Shared files managed on platforms including China’s Quora-equivalent Zhihu Inc. and on sites like Kdocs and Wolai have been banned following reports that the number of homebuyers refusing to pay mortgages surged in a span of days. GitHub, a popular file-sharing site for coders, remains as a source for people to post documents.
The file sharing has provided a key battleground for homeowners who are shunning mortgage payments for apartments that haven’t been built on time. The information also offered a gauge for global investors and banks from Nomura Holdings Inc. to Citigroup Inc. to measure the scale of the unfolding protests.
Lenders have said the bad housing loans are controllable. But the spike in incidents is fueling concerns that the property troubles -- which have largely centered on developers following a government crackdown on excess leverage -- will engulf big banks and China’s middle class, who have an estimated 70% of wealth stored in real estate.
“This is a political protest,” Diana Choyleva, chief economist at Enodo Economics, said in an interview on Bloomberg Television. “It’s not going to be a banking crisis, they are not there. But it a crisis potentially of confidence and one that the Chinese Communist Party fears tremendously.”

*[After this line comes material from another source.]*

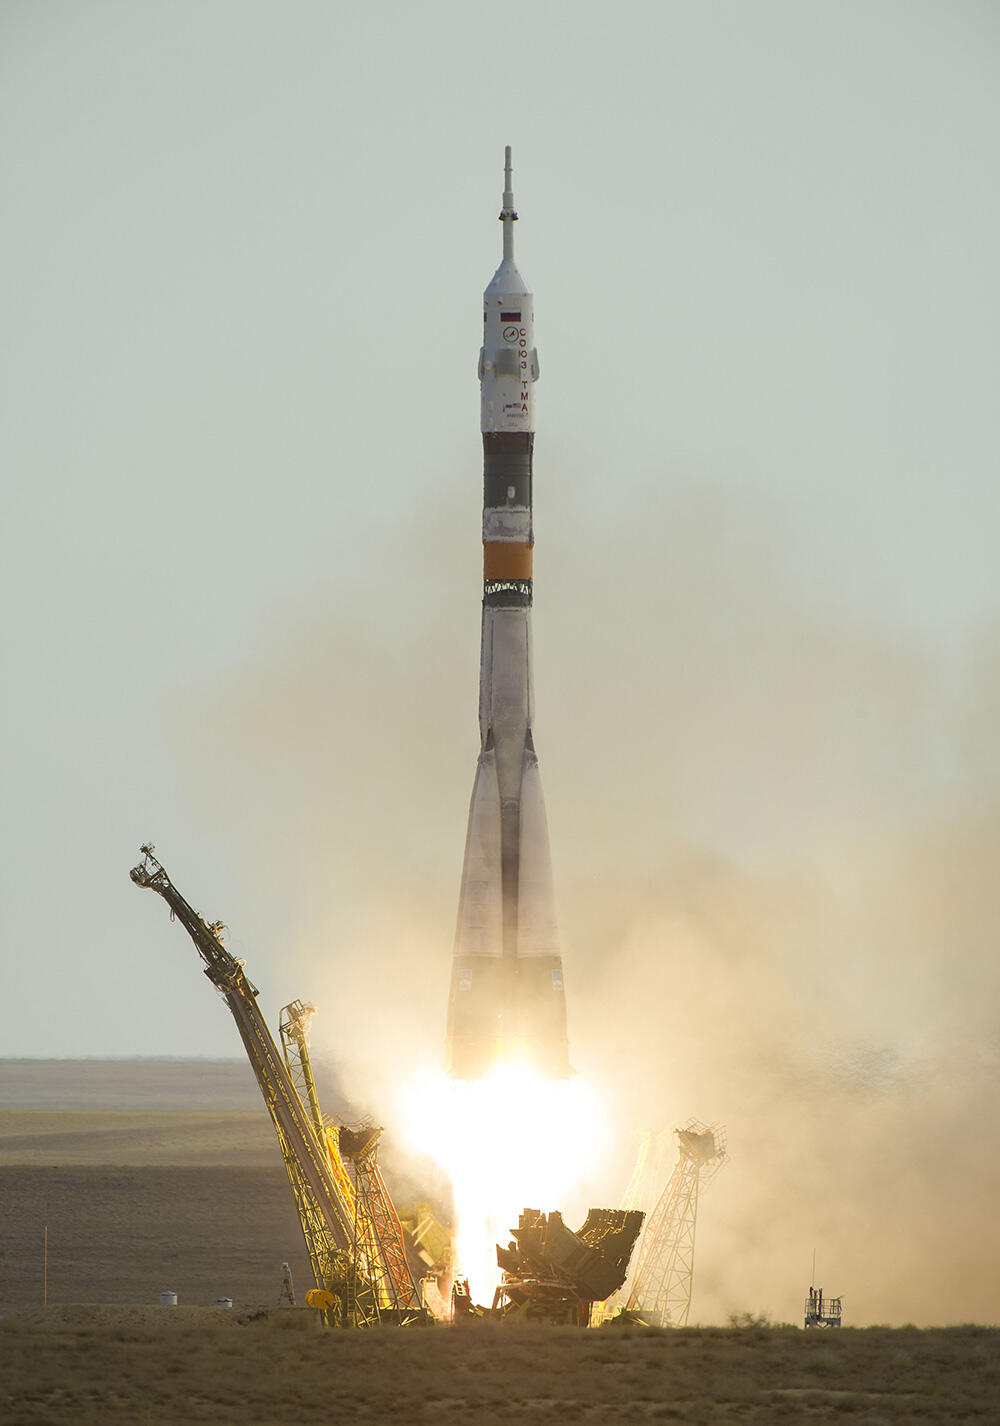 星出宇宙飛行士らが搭乗したソユーズ宇宙船の打ち上げ。

Information shared on the platforms included names of projects that were stalled, and images of letters from homebuyers declaring that they refused to pay. GitHub’s page on the topic was starred, or bookmarked, by more than 14,000 users.
Homebuyers complained that their social media accounts on TikTok’s Chinese cousin Douyin and the Twitter-like Weibo have also been banned. Some buyers who asked not to be named said they were contacted by police.

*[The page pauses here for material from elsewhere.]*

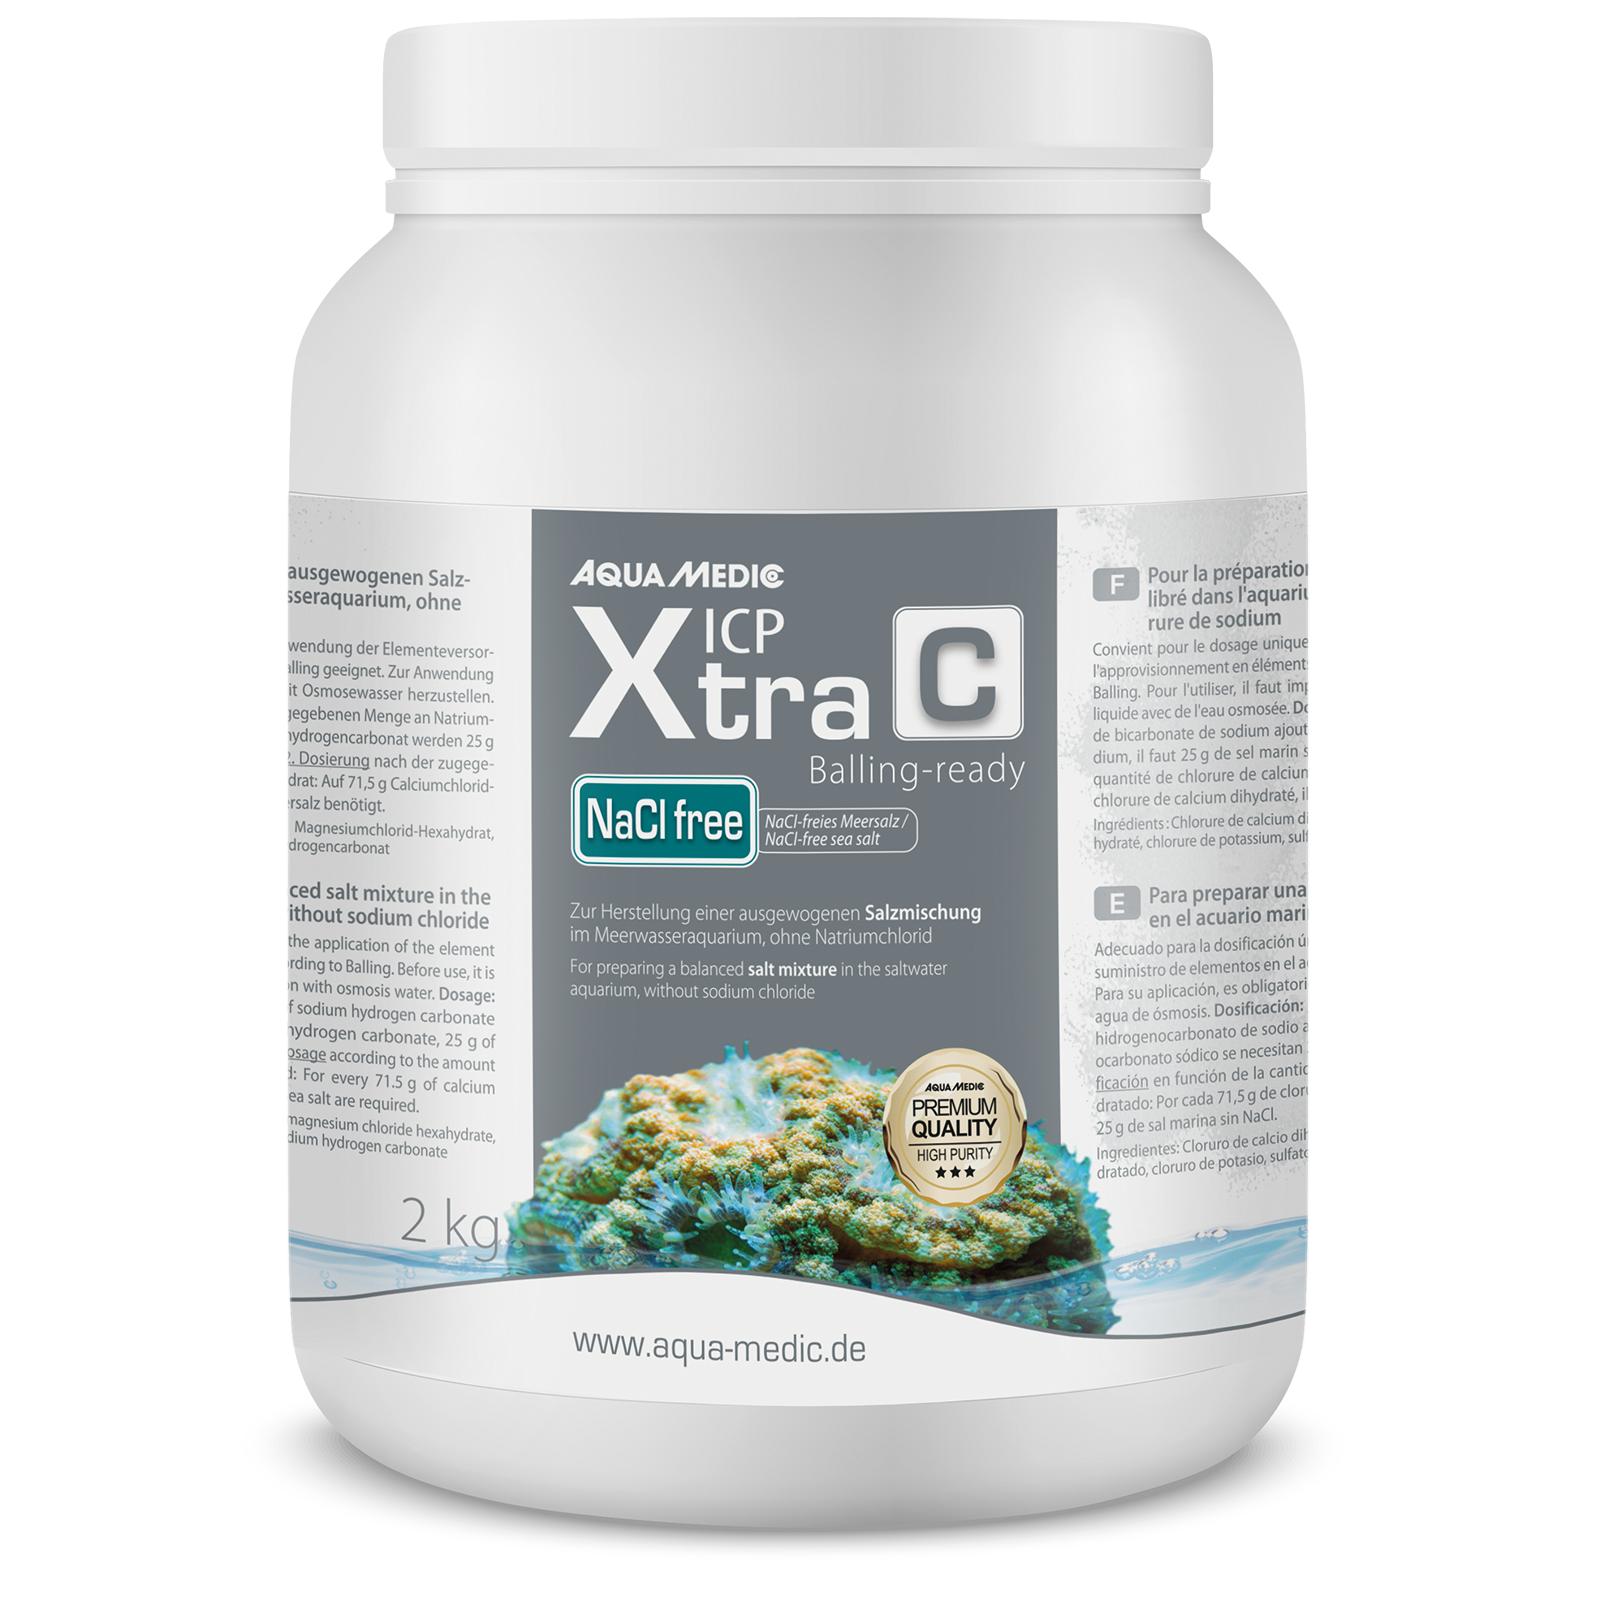 ICP Xtra  C - Zur Herstellung einer ausgewogenen Salzmischung im Meerwasseraquarium, ohne Natriumchlorid

Posts on WeChat and Weibo containing snapshots of charts tallying mortgage boycotts or project delays were deleted. Among them was a July 13 analysis by property researcher China Real Estate Information Corp. which showed homebuyers stopped mortgage payments on at least 100 projects in more than 50 cities.

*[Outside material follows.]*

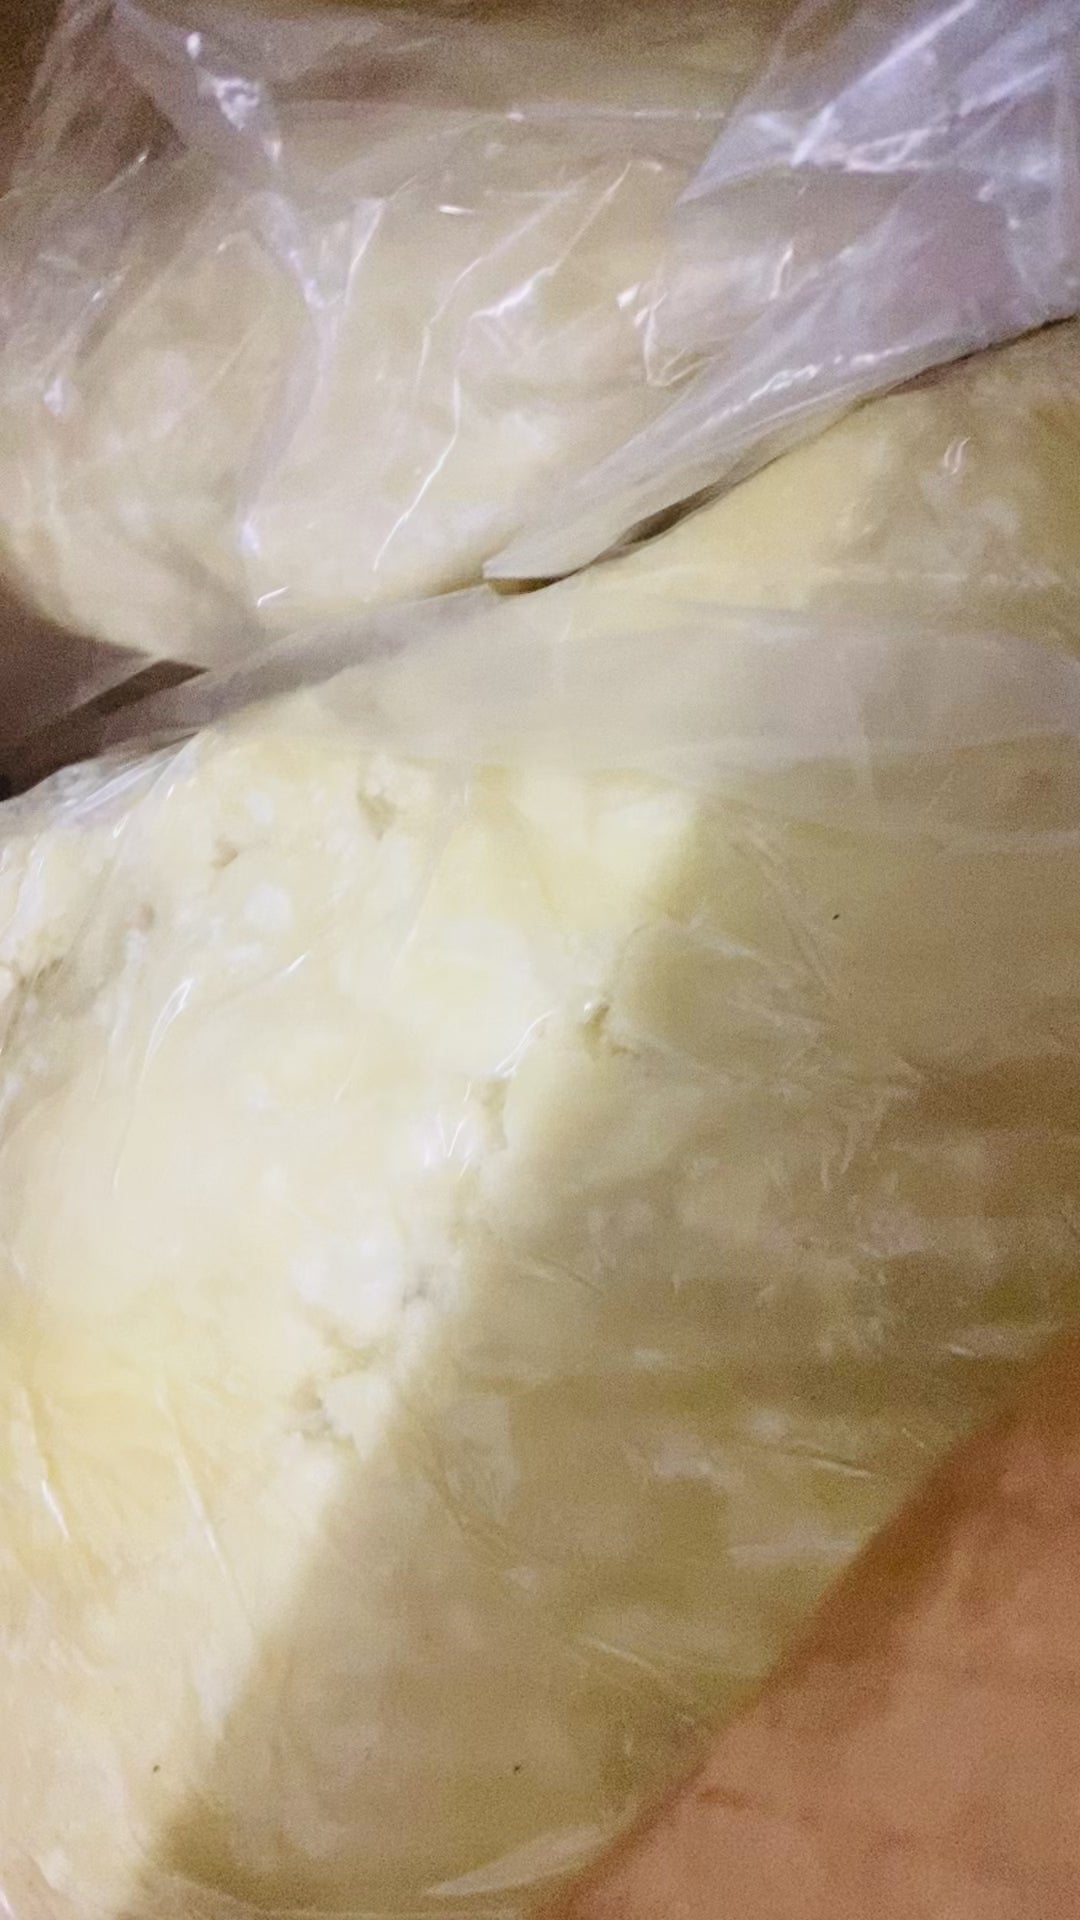 10kg Raw shea butter, pure, 100% natural, raw - raw shea butter

The Cyberspace Administration of China didn’t immediately respond to a faxed request for comment.
The mortgage boycotts have alarmed investors, dragging down the stocks and bonds of property firms including China Vanke Co. and Country Garden Holdings Co., as well as the nation’s biggest lenders. A benchmark stock index for Chinese banks fell 7.7% this week, the most in four years.
Chinese authorities held emergency meetings with major banks this week to discuss the home-loan snub on concern that more buyers may follow suit, according to people familiar with the matter. Some lenders plan to tighten their mortgage lending requirements in high-risk cities, two of the people said.
Banks are rushing to reassure investors that risks are contained. Lenders have detailed 2.1 billion yuan ($311 million) of loans at risk. In most cases, the overdue amount makes up less than 1% of the lender’s total mortgage portfolio. However, GF Securities Co. expects as much as 2 trillion yuan of mortgages could be impacted.
Nomura said the refusal to pay mortgages stems from the widespread practice in China of selling homes before they’re built. Funds from presales are kept in escrow accounts to use for construction. But confidence that projects will be completed has weakened as developers’ cash woes intensified.
“Inappropriate usage of presale proceeds and the lack of adequate supervision of escrow accounts by local regulators and banks are likely associated with these mortgage suspension cases,” Zerlina Zeng, a senior analyst at CreditSights, wrote in a note.